Tang, "Automatic Extraction of Morphological Information from Botanical Collections ", TCDL Bulletin 5.1 (2009)

Automatic Extraction of Morphological Information
from Botanical Collections

Xiaoya Tang

School of Library and Information Management
Emporia State University
1200 Commercial St., Campus Box 4025
Emporia, KS 66801
1-620-341-5071
xtang@emporia.edu

For a larger view of the poster, click here. After the image opens, click on it to zoom.

Large volumes of full-text collections exist in the field of biological science. Publications such as field guides, floras, and faunas are written to provide critical information for field identification of species. However, access to such collections has been difficult. While users tend to use specific morphological information to search, current systems based on statistical models are usually ineffective [3]. Therefore, automatically extracting such information from documents and then allowing users to use this information to search should improve effective access to such collections.

The full-text botanical text collection FNA (Flora of North America) is often used in the botanical field. Information such as plant distribution, genus, species, and morphological information such as plant leaf shape, margin, dimension, leaf arrangement, fruit/net shape, etc. is critical for species identification. This study adapts and enhances the information extraction system WHISK that was created by [2] to extract rental information from short newspaper ads and uses it to extract such information from FNA. The system uses machine learning techniques and automatically creates rules to extract desired information based on manually created examples, and uses such rules to extract information from new documents. This study examines the system and makes adaptations and enhancements so that the enhanced system could not only work on the FNA collection but also be more easily adapted to new text collections. Issues encountered in adapting this IE system are also examined with the intent of improving the portability of the system for use in other future domains.

WHISK is enhanced and generalized by the following changes.

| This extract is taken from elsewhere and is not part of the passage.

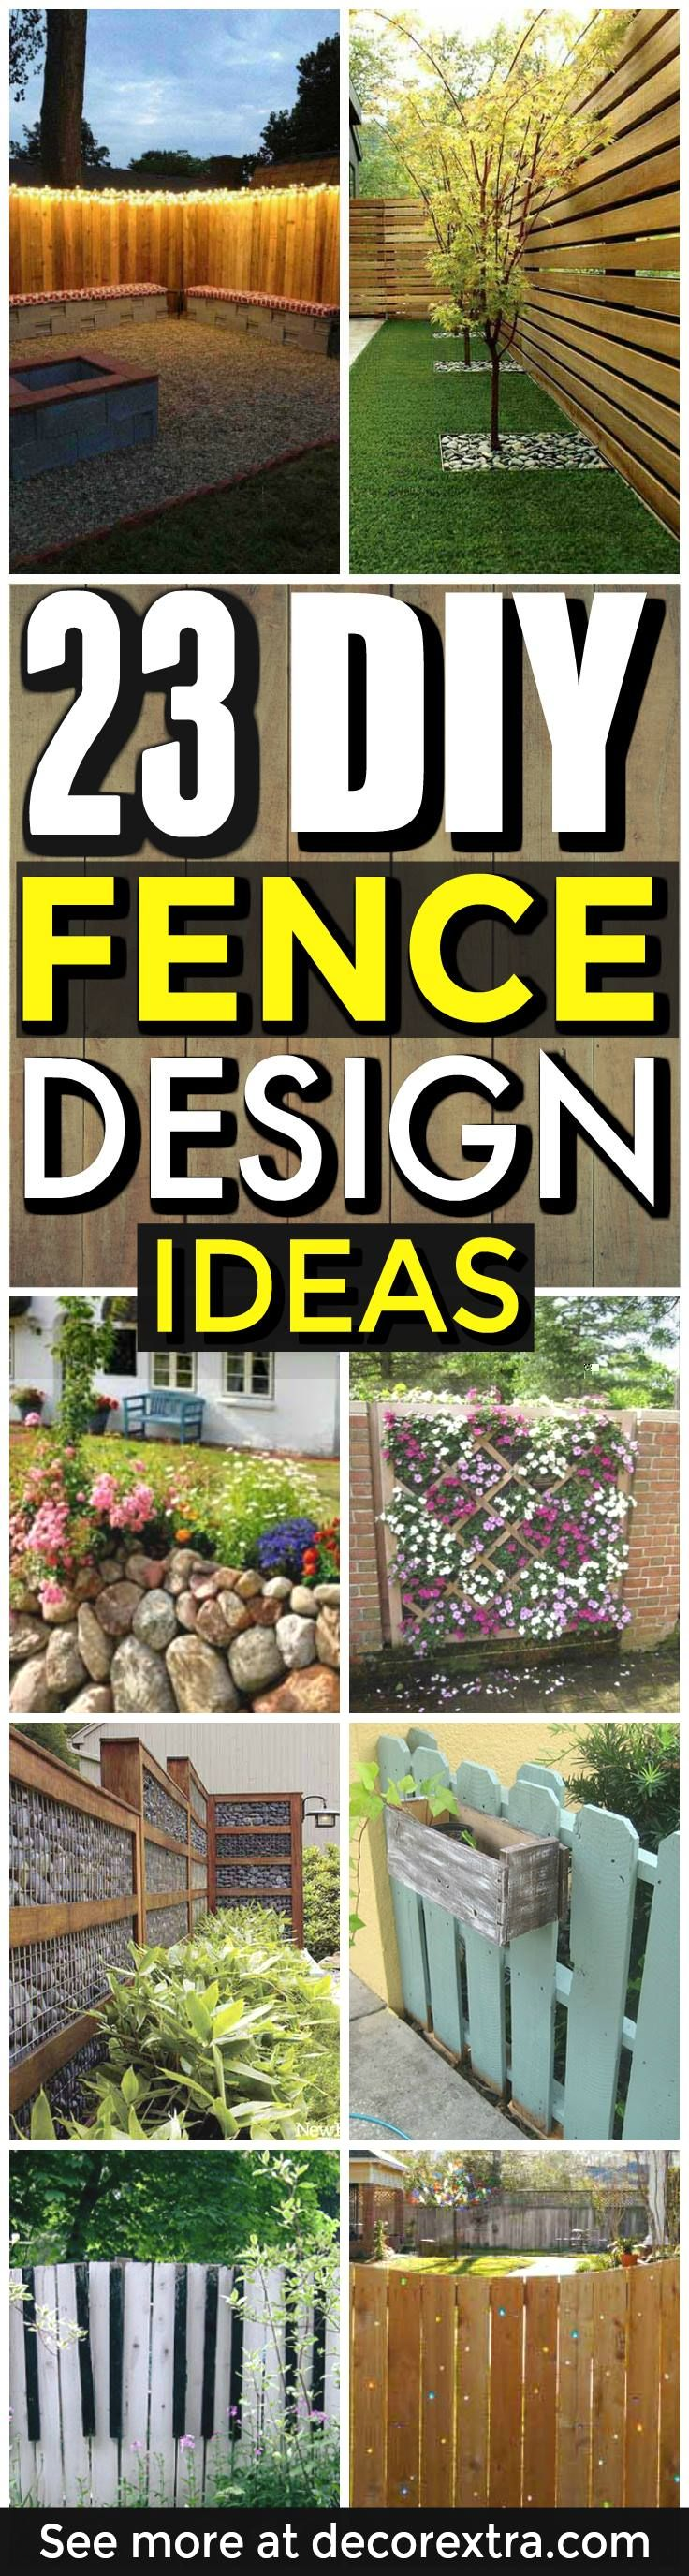 DIY Fence Ideas, Cheap fence ideas - DIY Backyard fence, Outdoor fence designs - DIY Projects
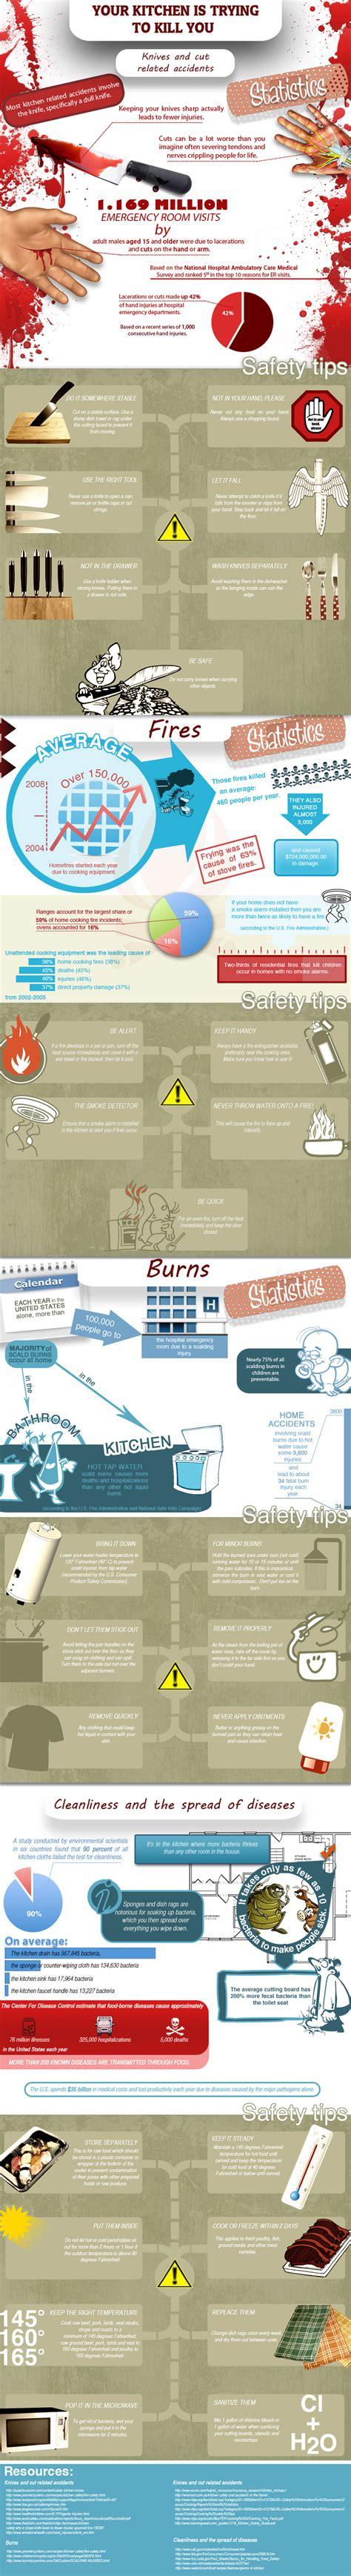 Kitchen Safety by List Of 31 Catchy Kitchen Safety Slogans Brandongaille

First, a pre-processing model is added to remove unexpected trivial text formatting. Then pattern recognition is generalized to accommodate the more complicated text characteristics of botanical descriptions. These include longer sentences, broader vocabulary, and a greater variation in structure among different documents compared to the target text of the original WHISK system. The system is also generalized so that it could use important text structures in the creation of extraction rules. Finally, a new knowledge base is created that contains botanical terms that were added during the training process. Terms in the knowledge base are categorized into different semantic classes.

The extraction performance is evaluated following the MUC evaluations [1] and uses the measures of precision and recall. The overall results are satisfactory. The precisions are higher than 80% except for that of the fruit/nut shape. The recalls are relatively lower, ranging from 57.04% and higher, mostly 60% to 80%, though recall for leaf arrangement is much lower. The difference in the performance of different types of information is mainly due to differences in the text characteristics associated with each type of information. The evaluation results demonstrate that automatic extraction of morphological information from full-text collections is promising. It also indicates that this approach is generalizable to similar collections in the same domain and even to different domains with adaptation of the pattern recognition and knowledge base in the new domain.

REFERENCES

[1] Chinchor, N., and Dungca, G. Four scores and seven years ago: The scoring method for MUC-6. In Proceedings of the Sixth Message Understanding Conference (MUC-6), 1996, 33-38. Morgan Kaufmann, San Mateo, CA.

[2] Soderland, S. Learning information extraction rules for semi-structured and free text. Machine Learning, Feb. 1999, 34, 1-3, 233-272.

[3] Tang, Xiaoya, &Heidorn, P. Brayan. (2007). The Loss of domain knowledge in user search queries: A Query log analysis of a botanical retrieval system. In Proceedings of Annual Meeting of the American Society for Information Science and Technology, October 19-24, 2007, Milwaukee, Wisconsin.